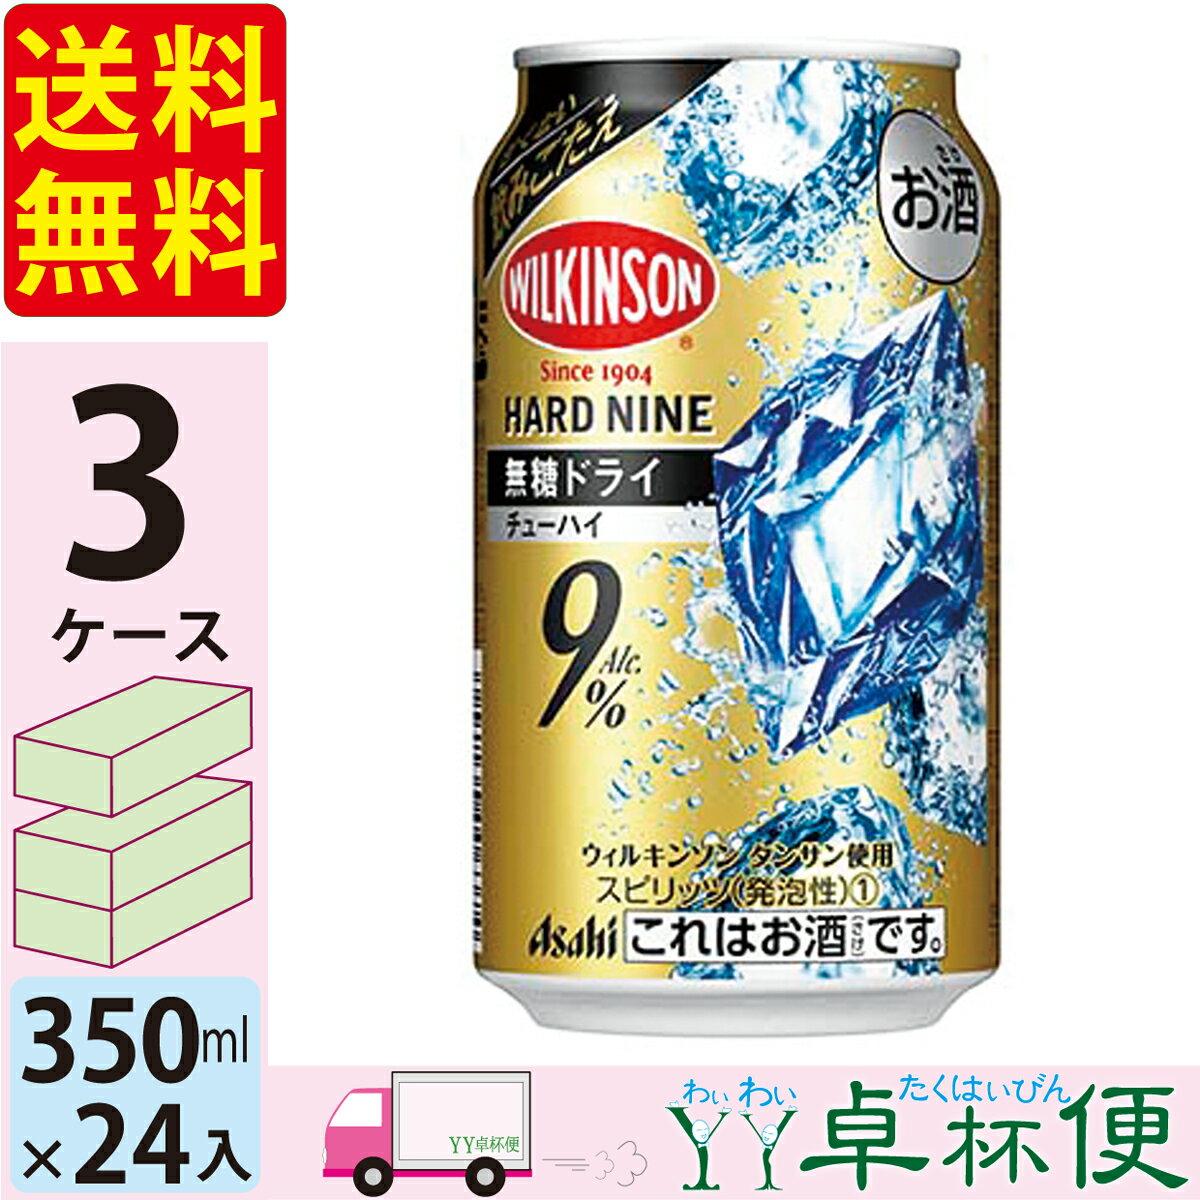 送料無料 チューハイ サワー アサヒ ウィルキンソン ハード 無糖ドライ 350ml 24缶入 3ケース (72本)
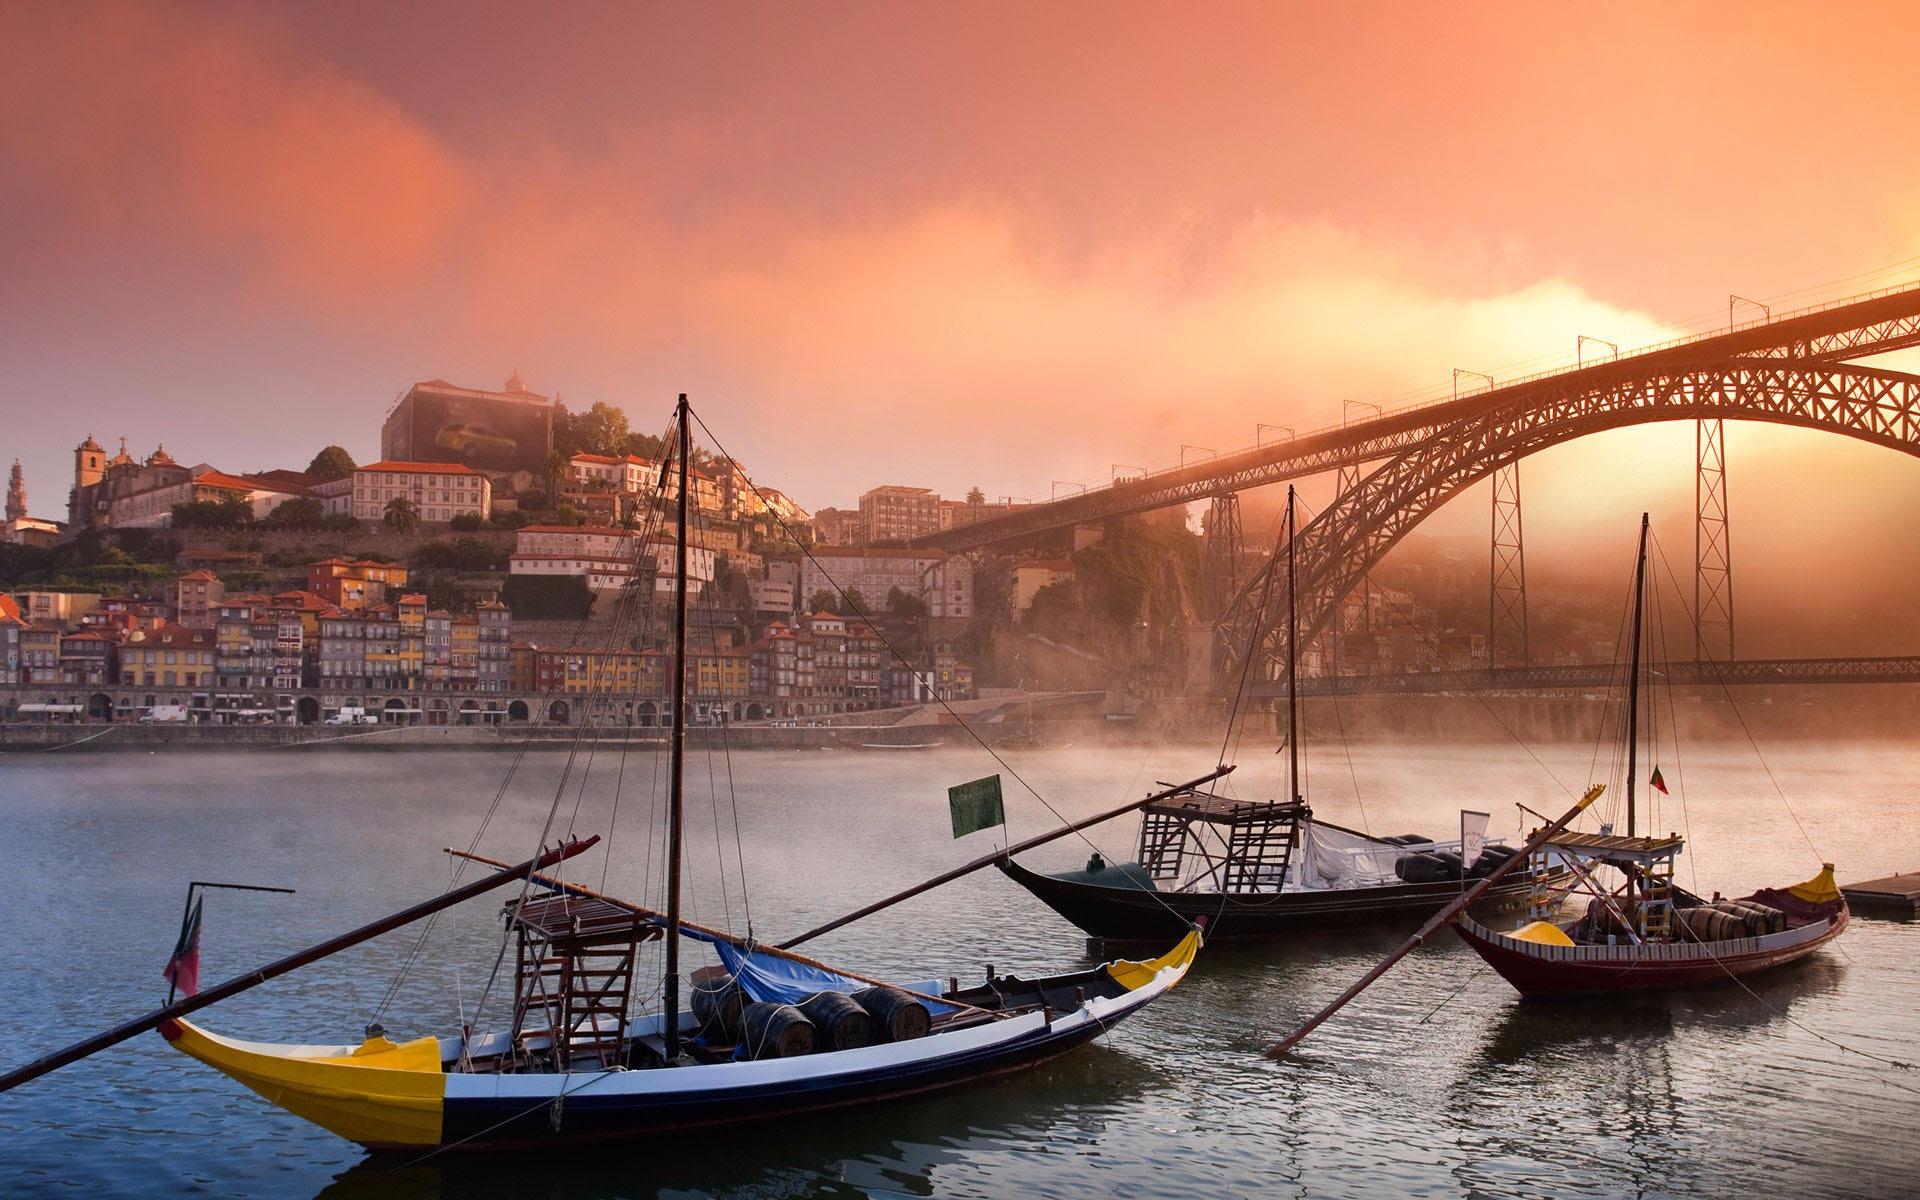 PORTEKİZ & İSPANYA TURU PORTO(1) & FATIMA &  LİZBON (2) & MERİDA & SEVİLLA (1) CORDOBA & GRANADA (2) & MADRİD (2) Türk Havayolları Tarifeli Seferi ile … 10 Aralık  2016 Hareket… 8 Gece Tüm Turlar Dahildir, Extra Tur YokturAntalya/İstanbul/Antalya iç hat bağlantı (tah. 80 euro) Turu
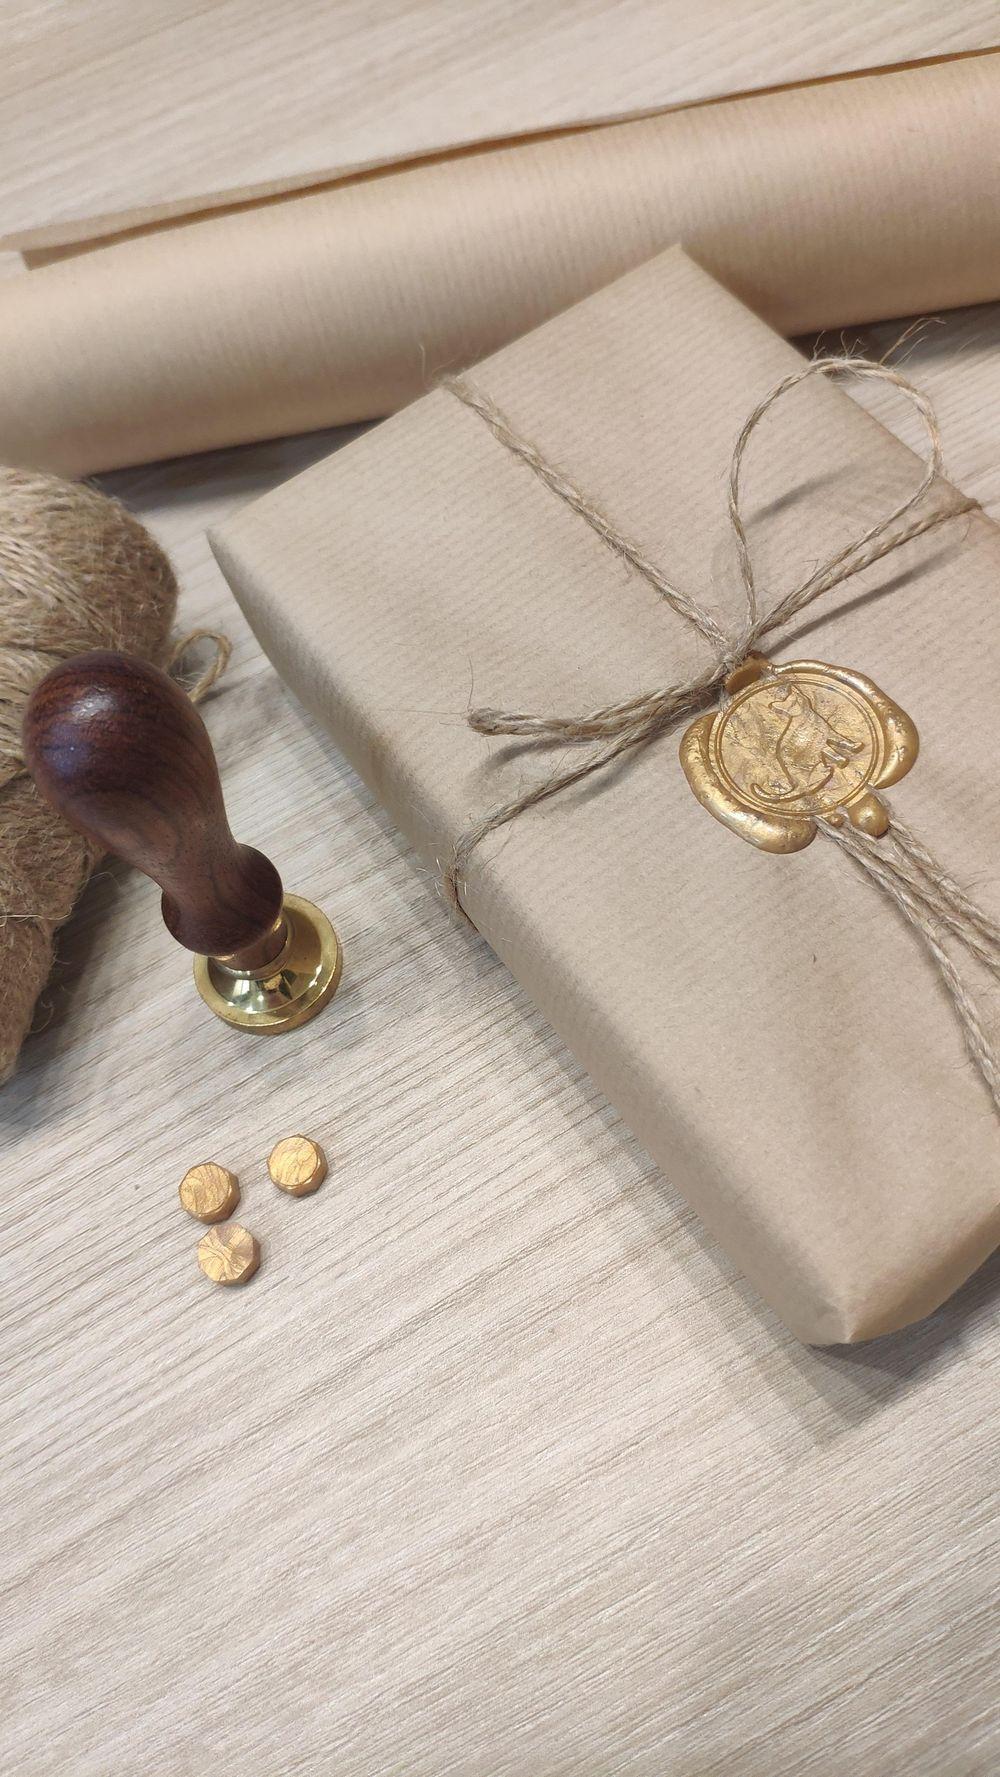 Envoltorios de regalo creativos minimalistas - image 2 - student project
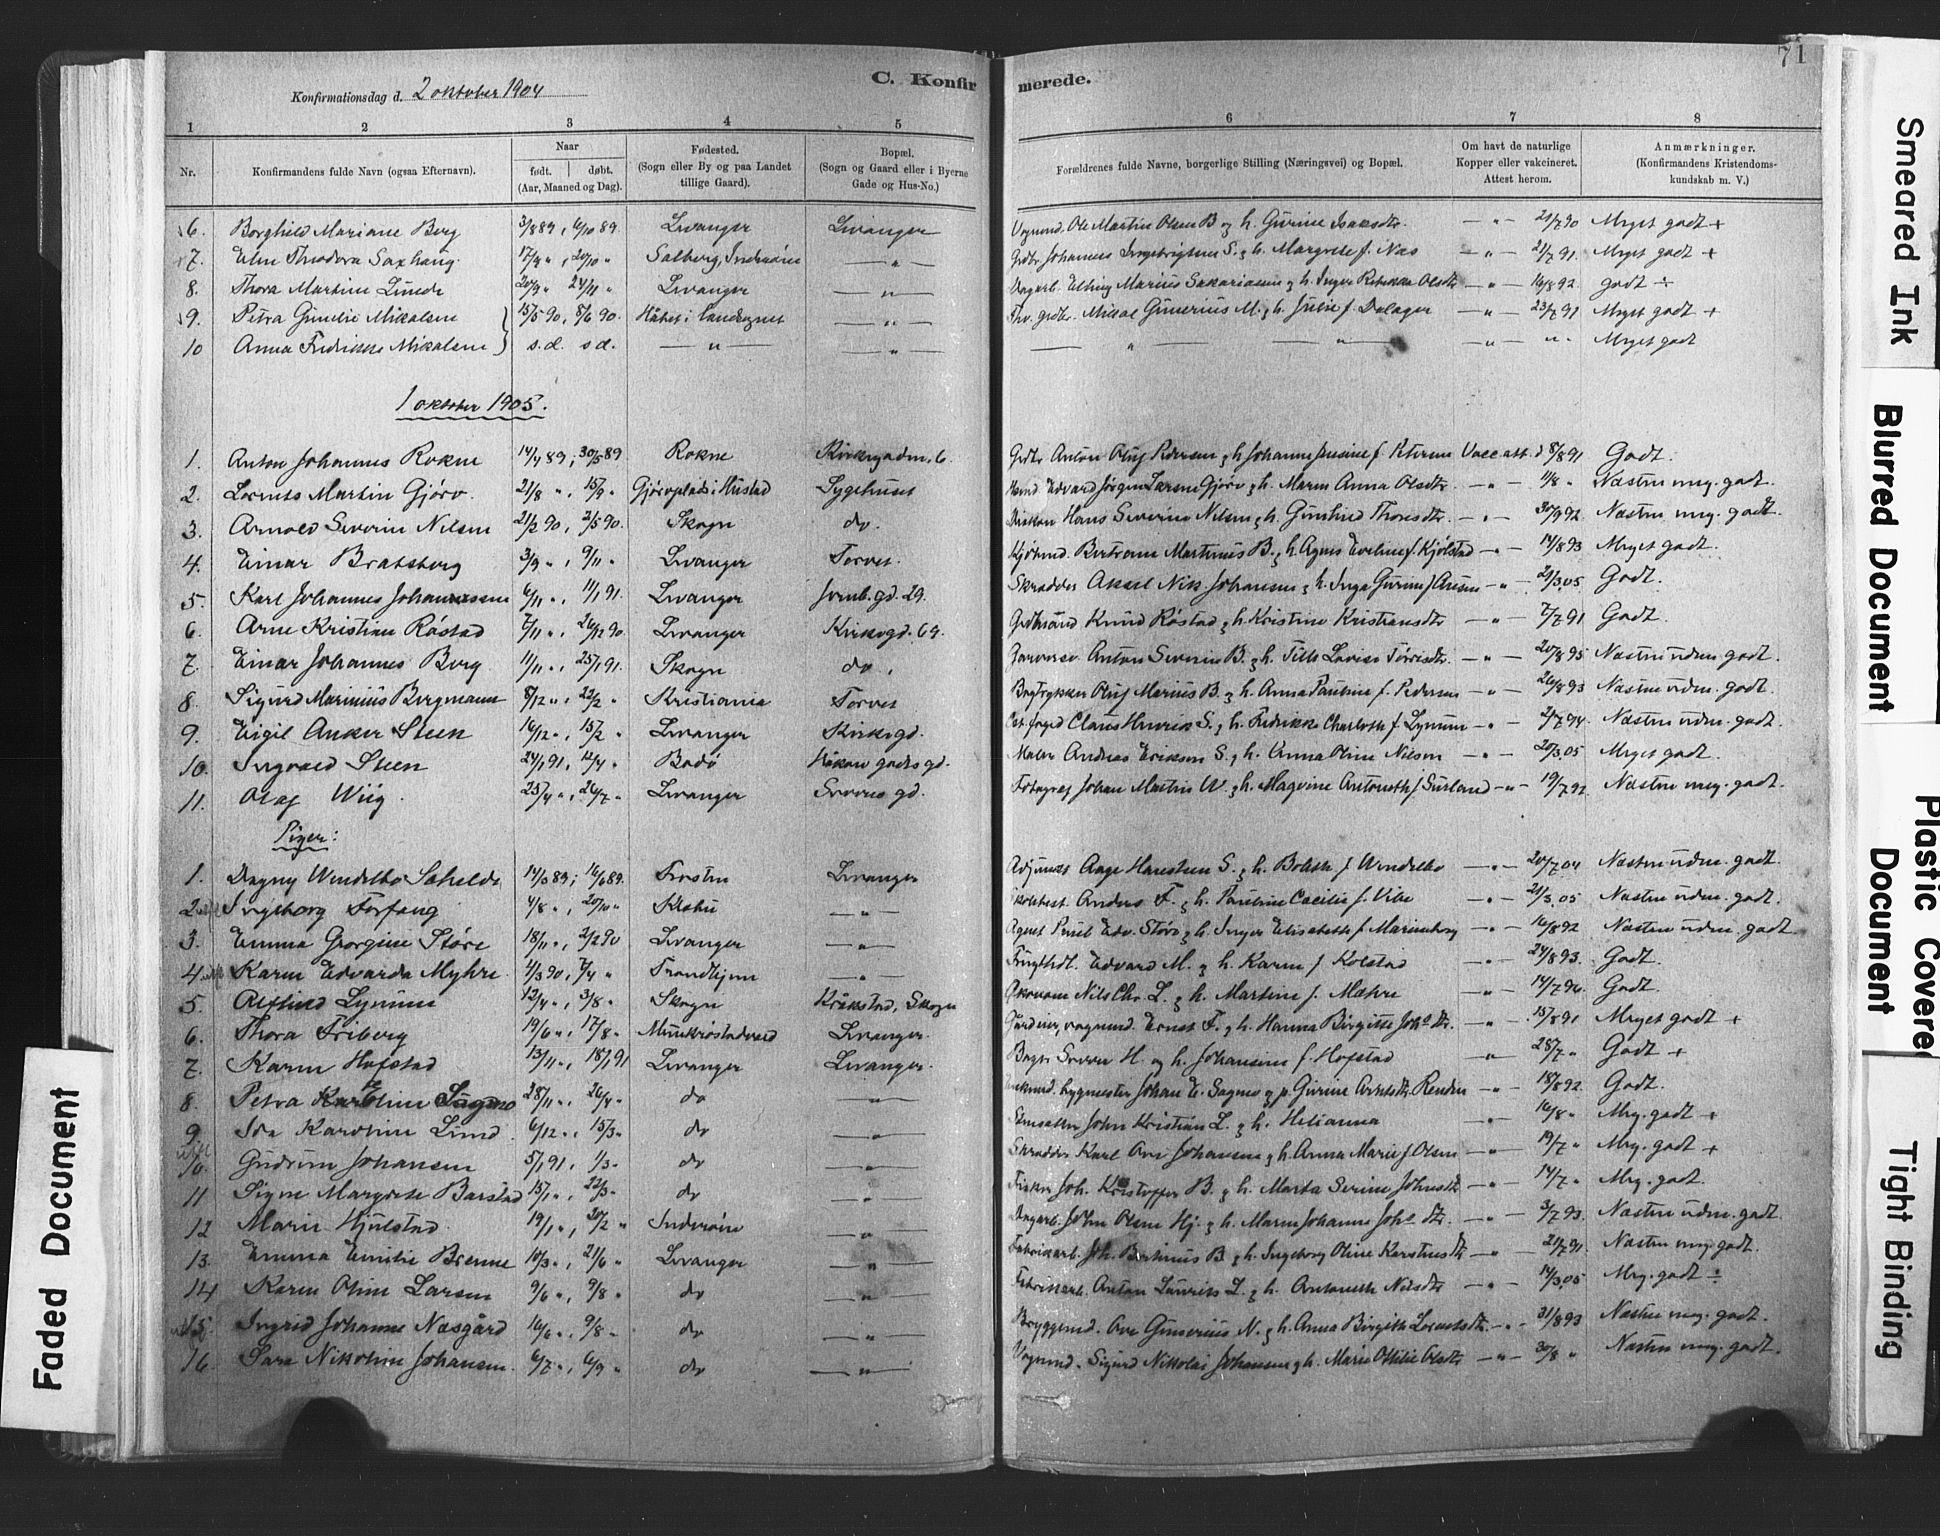 SAT, Ministerialprotokoller, klokkerbøker og fødselsregistre - Nord-Trøndelag, 720/L0189: Ministerialbok nr. 720A05, 1880-1911, s. 71

+ + + + +

■ **Your task**
Print only the lines from the first line of the data above through the one containing "Envoltorios de regalo", exactly as they are, with pictures omitted.

■ **Response to this exercise**
 送料無料 チューハイ サワー アサヒ ウィルキンソン ハード 無糖ドライ 350ml 24缶入 3ケース (72本)
 PORTEKİZ & İSPANYA TURU PORTO(1) & FATIMA &  LİZBON (2) & MERİDA & SEVİLLA (1) CORDOBA & GRANADA (2) & MADRİD (2) Türk Havayolları Tarifeli Seferi ile … 10 Aralık  2016 Hareket… 8 Gece Tüm Turlar Dahildir, Extra Tur YokturAntalya/İstanbul/Antalya iç hat bağlantı (tah. 80 euro) Turu
 Envoltorios de regalo creativos minimalistas - image 2 - student project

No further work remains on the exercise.